Reklama

Porządkowanie pojęć

Bliskie oddalenie

Niedziela Ogólnopolska 3/2005

Bądź na bieżąco!

Zapisz się do newslettera

Świadomość faktu, że żyjemy w naszym kraju, jakby otoczeni owadzim kokonem, bez możliwości zorganizowania w realną siłę społeczną wszystkich polskich talentów, wysiłków, najlepszej woli, staje się udziałem coraz większej liczby ludzi.
Nawet wśród socjologów - przedstawicieli tej dziwnej dziedziny, którą kojarzymy głównie z gładkim przełykaniem różnych, wypowiadanych publicznie głupstw i używaniem innych głupstw jako argumentów zastępczych w debacie publicznej - pojawiają się osoby wypowiadające się w sposób całkowicie wolny. I przez to interesujący. Należy do nich prof. Anna Pawełczyńska, pierwszy dyrektor OBOP-u, autorka rozchwytanego tomu wspomnień Koniec kresowego świata. W swojej najnowszej pracy pt.

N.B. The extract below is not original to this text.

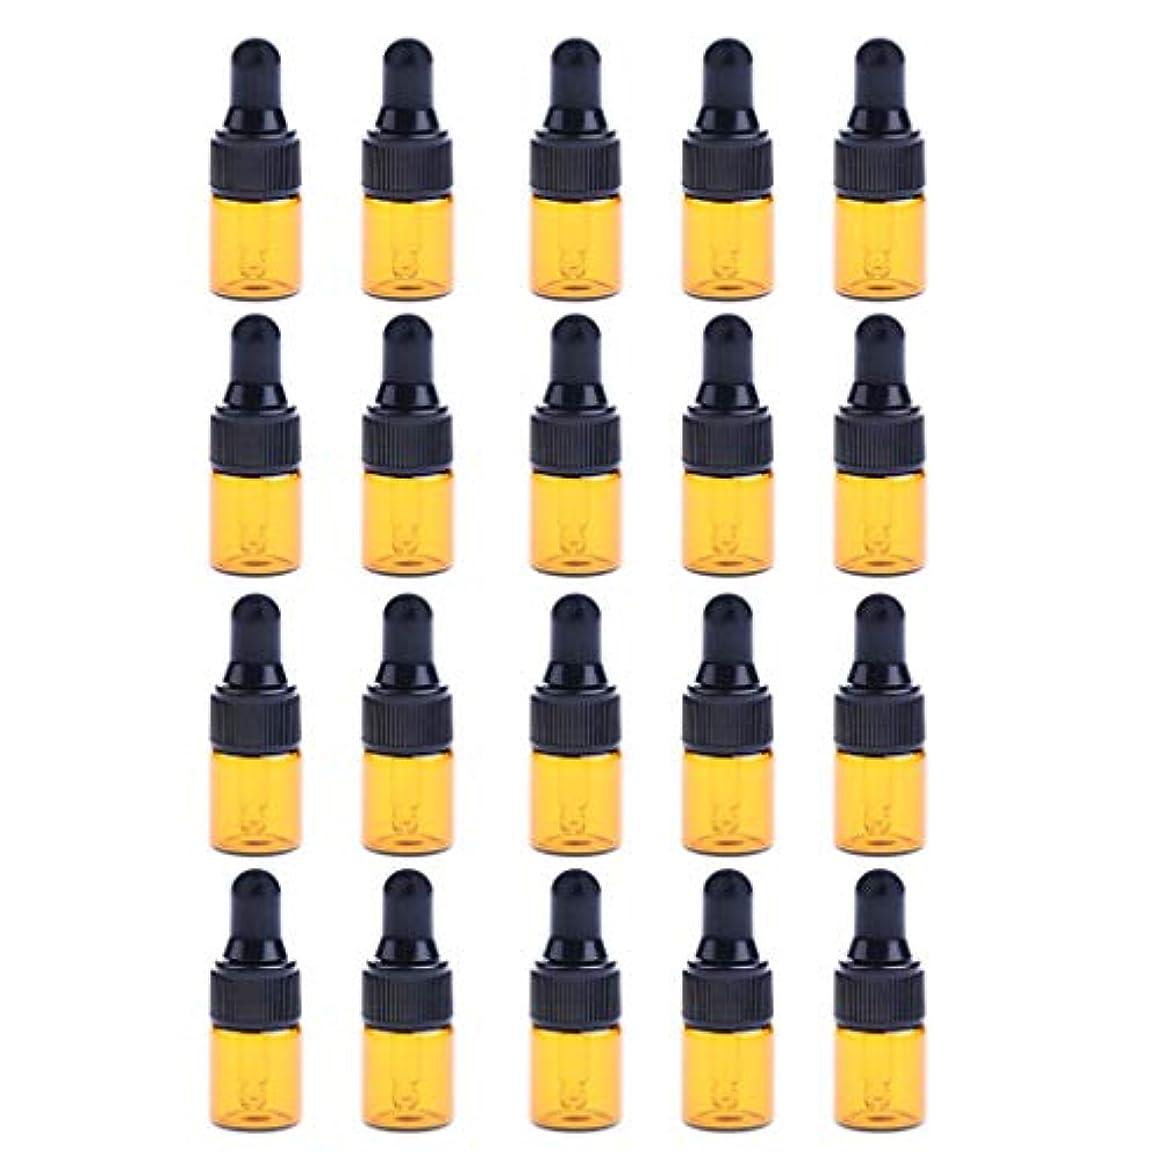 切る人生を作る恒久的20個 2ml ドロッパーボトル エッセンシャルオイル ミニサイズ 詰め替え可 ガラス スポイトボトル

Głowa hydry argumentuje - z erudycją i odwagą uczonej, ale i z przekonaniem obserwatora życia - że nowa postać zła, z którą mamy dziś do czynienia, to zło, które ukrywa się, nakłada maski, czyni uniki. Zło nowej postaci jest szczególnym wykwitem totalitaryzmu z jednej i lewicowego liberalizmu z drugiej strony. Można więc mówić, zdaniem Pani Profesor, o „totalitaryzmie liberalnym”. „(...) jest to totalitaryzm atakujący ludzką świadomość i odbierający człowiekowi możliwość niezależnego myślenia” - mówi A. Pawełczyńska w wywiadzie w Nowym Państwie (1/2005). „Atakuje też obrastające wielowiekową tradycją ludzkie wspólnoty”. Prof. Pawełczyńska nie jest pierwszą osobą wśród humanistów, która dostrzegła związki totalitaryzmu i liberalizmu, dla wielu tak zaskakujące. Już ponad 50 lat temu o „tendencjach totalitarnych liberalizmu” pisał Raymond Aron - francuski filozof i socjolog w Końcu wieku ideologii. Prof. Pawełczyńska uważa, że dziś ten liberalny totalitaryzm jest znacznie bardziej zaawansowany. Sądzi, że „w krajach Europy Zachodniej pod wpływem komunistycznej lewicy, zwłaszcza francuskiej i włoskiej, został przetworzony jeszcze jeden wariant komunizmu”. Wprowadzono go w życie tzw. środkami miękkimi, czyli głównie manipulacją.
Prof. Pawełczyńska jest byłym więźniem Auschwitz-Birkenau. Mechanizm eliminowania ludzi niewygodnych, bo będących rozsadnikami wolności, dostrzega także w naszych dzisiejszych realiach: „Każdy opór przeciw narzuconym sposobom myślenia naraża nieposłusznych na ostracyzm i marginalizację, a pośrednio również na sankcje ekonomiczne i zawodowe. [Poprawność polityczna] odgrywa podobną rolę jak marksizm w sowieckiej wersji komunizmu”.
O tym, że Profesor socjologii wypowiada prawdę, którą katolicy od dawna odczuwają, świadczą losy ludzi nietuzinkowych, wręcz wybitnych indywidualności, w nauce, sztuce, literaturze. Jest wielu takich ludzi, których twórczość jest całkowicie przemilczana, bowiem nie mieści się w schemacie współczesnej, zideologizowanej wizji kultury. Należy do nich wielkiego formatu pisarz i publicysta - Jerzy Narbutt, nigdy nie zauważany przez krytykę, która w wielkich mediach zajmuje się tylko tymi, których akceptuje „intelektualny salon”, za jaki uchodzi środowisko, tak czy inaczej wpisane w peerelowski rodowód.
Wszystkich ludzi niezależnych, tworzących i działających w oparciu o system nieredukowalnych norm moralnych, spotykają szykany w środowiskach, które bliskie są władzy. Jest wielu samorządowców piętnowanych z powodu swojego nonkonformizmu i dlatego, że mają pomysły na autentyczne ożywienie lokalnych społeczności. Szykany zapowiadają się wobec urzędników USC tylko dlatego, że wielu z nich nie zamierza brać udziału w kłamstwie na temat tego, czym jest małżeństwo.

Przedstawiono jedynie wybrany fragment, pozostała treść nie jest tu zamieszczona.